Bill W and Roy K

In the 1990s, prior to the Cleveland Clarification,  my grand-sponsor for a while, a prominent member who endorsed and very actively promoted the liberal interpretation of the sobriety definition wrote in an email

“…leave it up to each person to decide what that (spouse and marriage) means just as we leave the decision on what God means to each person”

Early drafts of the AA 12 Steps did not contain the words “as you understand God”.  It was only following vigorous debate and the insistence of one section of the fellowship that those words were included when the AA Big Book was published in 1939.(see AA Comes of Age).  All SA literature was submitted for review to the fellowship prior to publishing. In the over 30 year history of SA the words “marriage as you understand marriage” have never even been proposed for inclusion in the literature.  This concept was assumed to be part of SA by with none of the rigorous process that AA went through to formally make a similar idea part of that program.

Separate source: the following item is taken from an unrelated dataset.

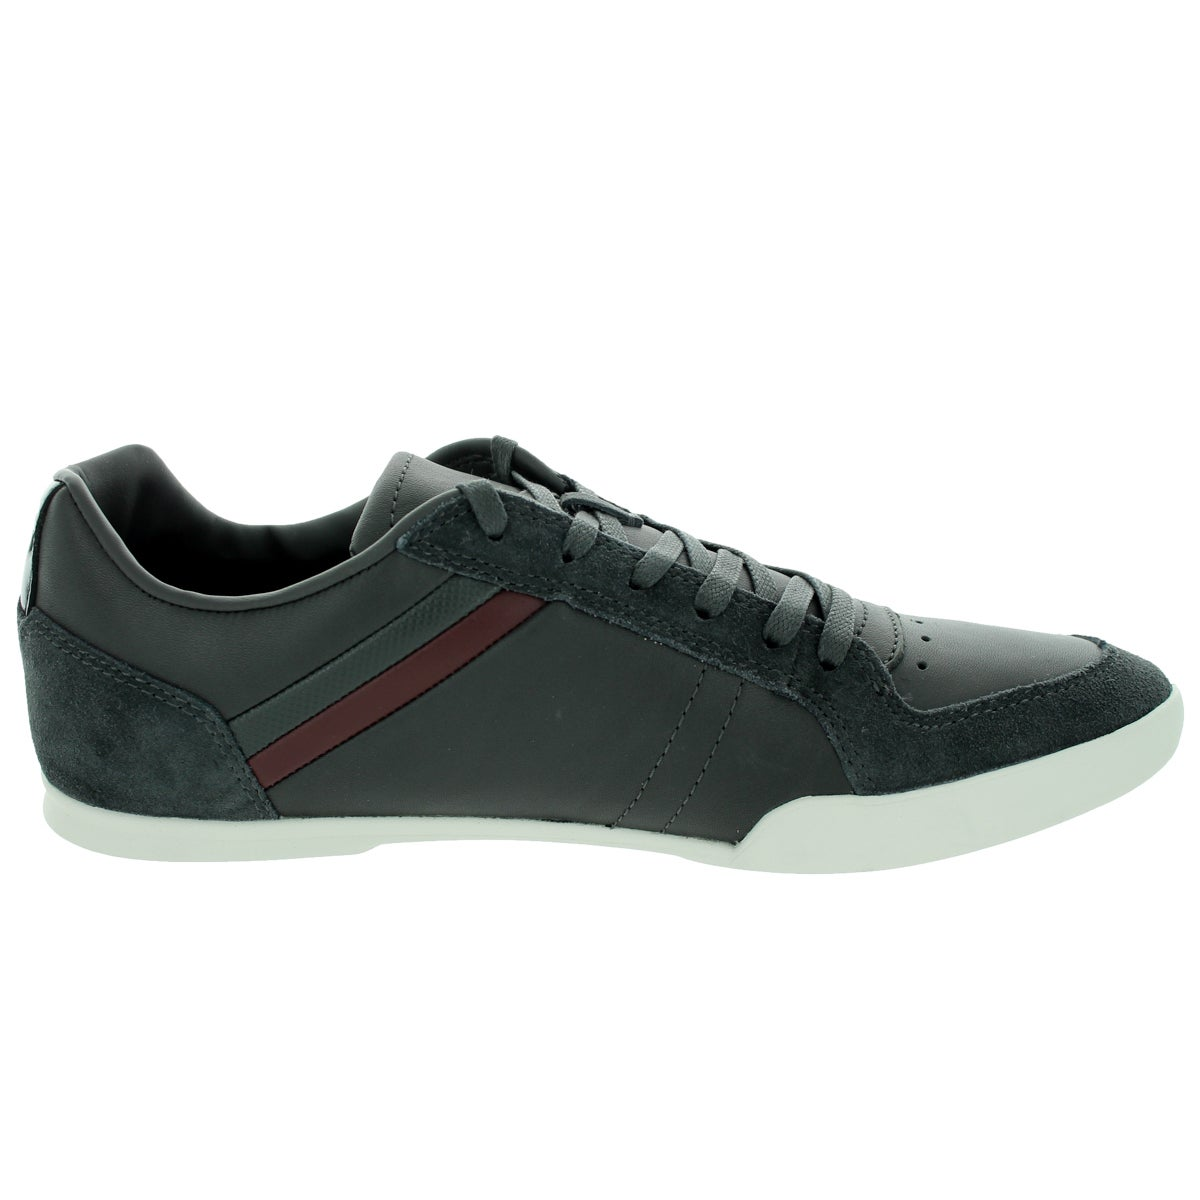 c92482543e6a30 Shop Lacoste Men s Figuera 3 Srm Dk Casual Shoe - Free Shipping Today -  Overstock.com - 12330668

Interestingly my one-time grand-sponsor, when speaking on SA tapes, quotes Bill W clarifying why “defects of character” was used in Step 6 but “shortcomings” in Step 7: Bill W used the two words  as synonyms: he learnt in school not to use the same word in two adjoining sentences.  Bill W is given the right to clarify the meaning of words in AA literature but Roy K, the SA founder, author of most SA literature, is denied the same right.  Such clarifications or opinions he expresses were negated as “just one member’s opinion”.

Since SA was founded Roy K  continuously and consistently clarified the intent, purpose and underlying principles of the meaning of the terms marriage and spouse in SA literature.   The Cleveland Clarification restated the founding intent of SA and put an end to a sustained period of disunity.